Factors influencing Interpersonal attraction

==Propinquity effect==
The propinquity effect is the tendency for people to form friendships or romantic relationships with those whom they encounter often, forming a bond between subject and friend. Workplace interactions are frequent and this frequent interaction is often a key indicator as to why close relationships can readily form in this type of environment. In other words, relationships tend to form between those who have a high propinquity. It was first theorized by psychologists Leon Festinger, Stanley Schachter, and Kurt Back in what came to be called the Westgate studies conducted at MIT (1950). The typical Euler diagram used to represent the propinquity effect is shown below where U = universe, A = set A, B = set B, and S = similarity:

The sets are basically any relevant subject matter about a person, persons, or non-persons, depending on the context. Propinquity can be more than just physical distance. Residents of an apartment building living near one of the building's stairways, for example, tend to have more friends from other floors than those living further from the stairway. The propinquity effect is usually explained by the mere exposure effect, which holds that the more exposure a stimulus gets, the more likeable it becomes. There is a requirement for the mere exposure effect to influence the propinquity effect, and that is that the exposure is positive. If the resident has repeatedly negative experiences with a person then the propinquity effect has a far less chance of happening (Norton, Frost, & Ariely, 2007).

In a study on interpersonal attraction (Piercey and Piercey, 1972), 23 graduate psychology students, all from the same class, underwent 9 hours of sensitivity training in two groups. Students were given pre- and post-tests to rate their positive and negative attitudes toward each class member. Members of the same sensitivity training group rated each other higher in the post-test than they rated members of the other group in both the pre- and post-test, and members of their own group in the pre-test. The results indicated that the 9 hours of sensitivity training increased the exposure of students in the same group to each other, and thus they became more likeable to each other.
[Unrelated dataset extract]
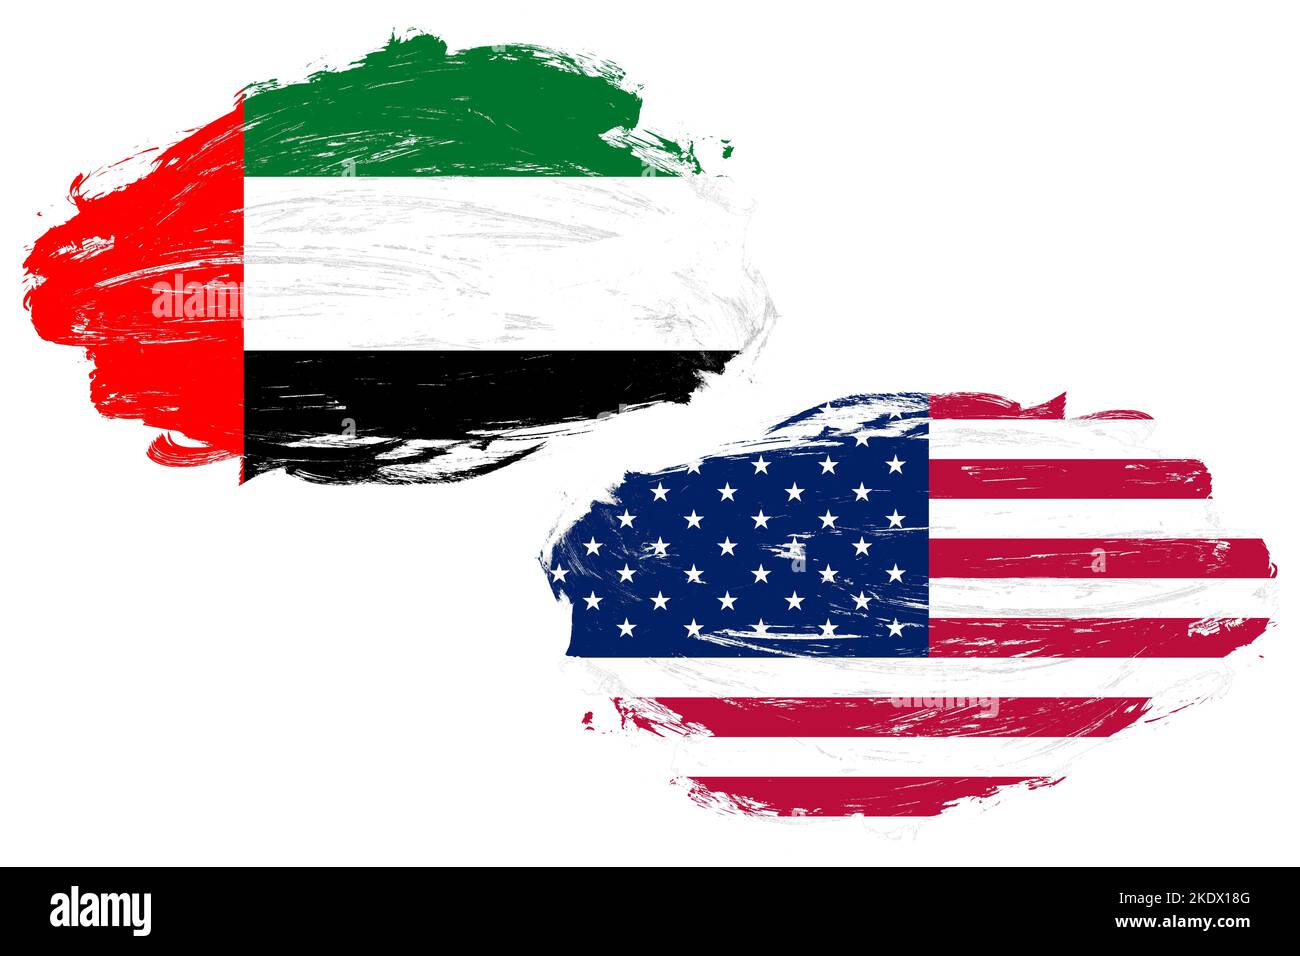 Les émirats arabes Unis et les états-unis drapeau ensemble sur un fond de pinceau blanc Banque D'Images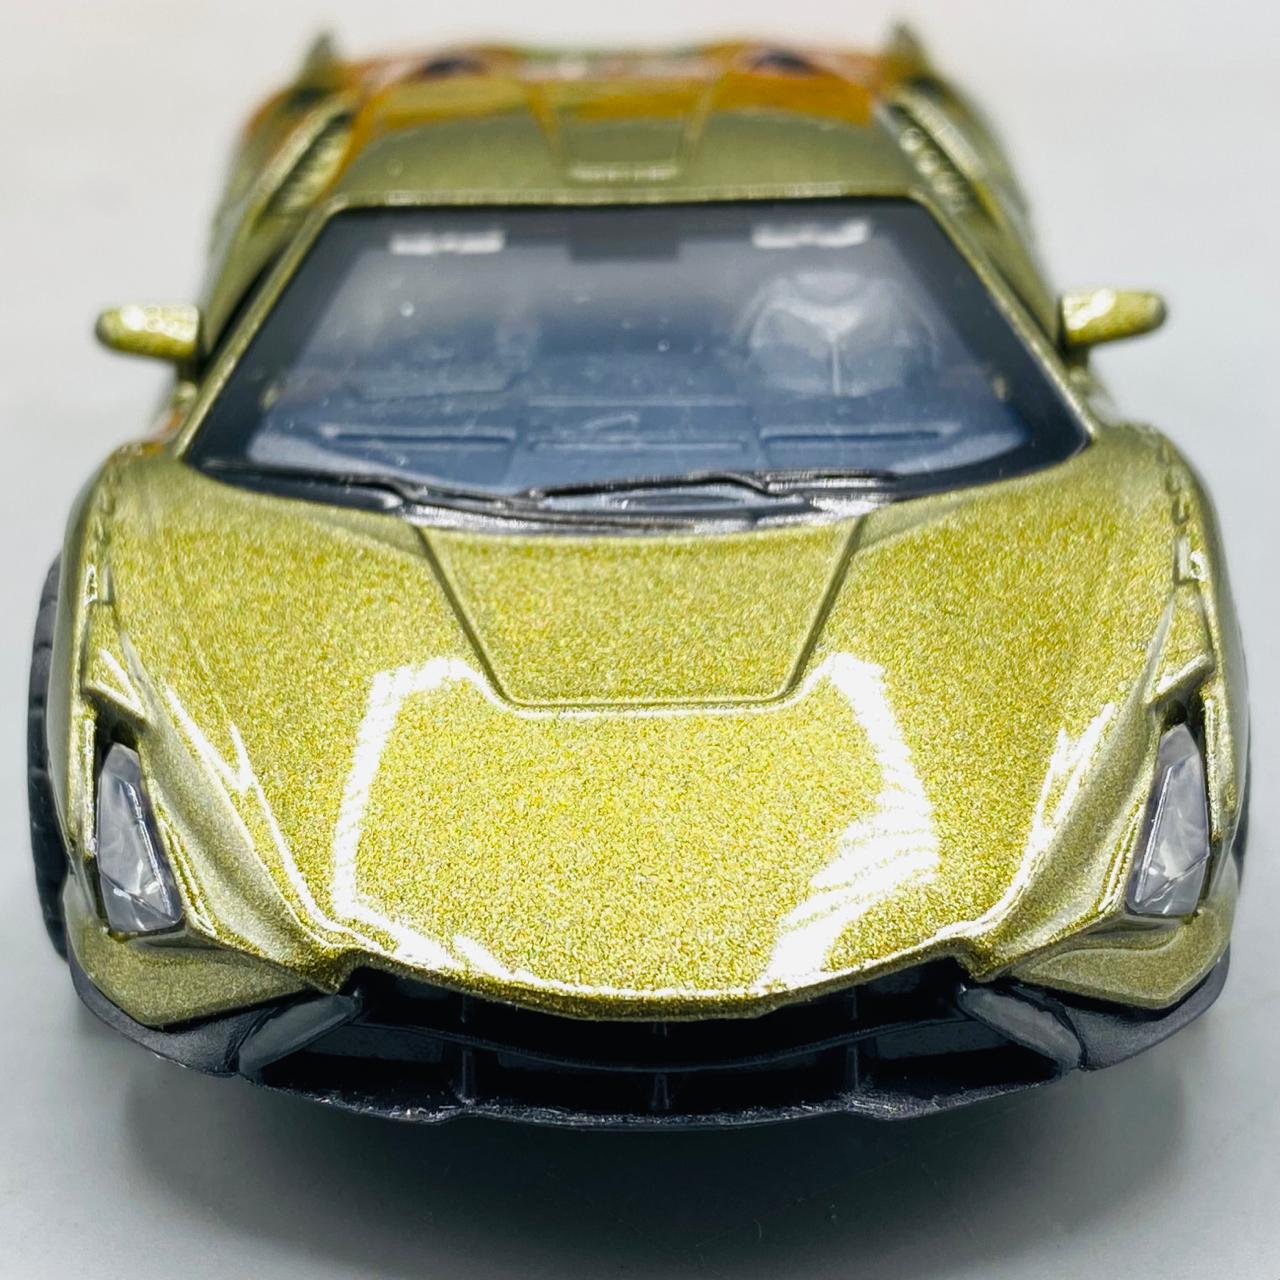 1:32 Lamborghini Sian Die-Cast Model Car

Propinquity is one of the effects used to study group dynamics. For example, there was a British study done on immigrant Irish women to observe how they interacted with their new environments (Ryan, 2007). This study showed that there were certain people with whom these women became friends much more easily than others, such as classmates, workplace colleagues, and neighbours as a result of shared interests, common situations, and constant interaction. For women who still felt out of place when they began life in a new place, giving birth to children allowed for different ties to be formed, ones with other mothers. Having slightly older children participating in activities such as school clubs and teams also allowed social networks to widen, giving the women a stronger support base, emotional or otherwise.

==Types==
Various types of propinquity exist: industry/occupational propinquity, in which similar people working in the same field or job tend to be attracted to one another; residential propinquity, in which people living in the same area or within neighborhoods of each other tend to come together; and acquaintance propinquity, a form of proximity in existence when friends tend to have a special bond of interpersonal attraction. Many studies have been performed in assessing various propinquities and their effect on marriage.

==Virtual propinquity==
The introduction of instant messaging and video conferencing has reduced the effects of propinquity. Online interactions have facilitated instant and close interactions with people despite a lack of material presence. This allows a notional "virtual propinquity" to work on virtual relationships where people are connected virtually. However, research that came after the development of the internet and email has shown that physical distance is still a powerful predictor of contact, interaction, friendship, and influence.

==In popular culture==

William Shakespeare's
King Lear, Act 1 Scene 1 Page 5

LEAR:
'Let it be so. Thy truth then be thy dower.
For by the sacred radiance of the sun,
The mysteries of Hecate and the night,
By all the operation of the orbs
From whom we do exist and cease to be—
Here I disclaim all my paternal care,
Propinquity, and property of blood,
And as a stranger to my heart and me
Hold thee from this for ever. The barbarous Scythian,
Or he that makes his generation messes
To gorge his appetite, shall to my bosom
Be as well neighbored, pitied, and relieved
As thou my sometime daughter.'

"Love is a Science", a 1959 short story by humorist Max Shulman, features a girl named Zelda Gilroy assuring her science lab tablemate, Dobie Gillis, that he would eventually come to love her through the influence of propinquity, as their similar last names would put them in proximity throughout school. "Love is a Science" was adapted into a 1959 episode of the Shulman-created TV sitcom The Many Loves of Dobie Gillis, featuring Dobie as its main character and Zelda as a semi-regular, and a 1988 made-for-TV movie based on the series, Bring Me the Head of Dobie Gillis, portrayed Dobie and Zelda as being married.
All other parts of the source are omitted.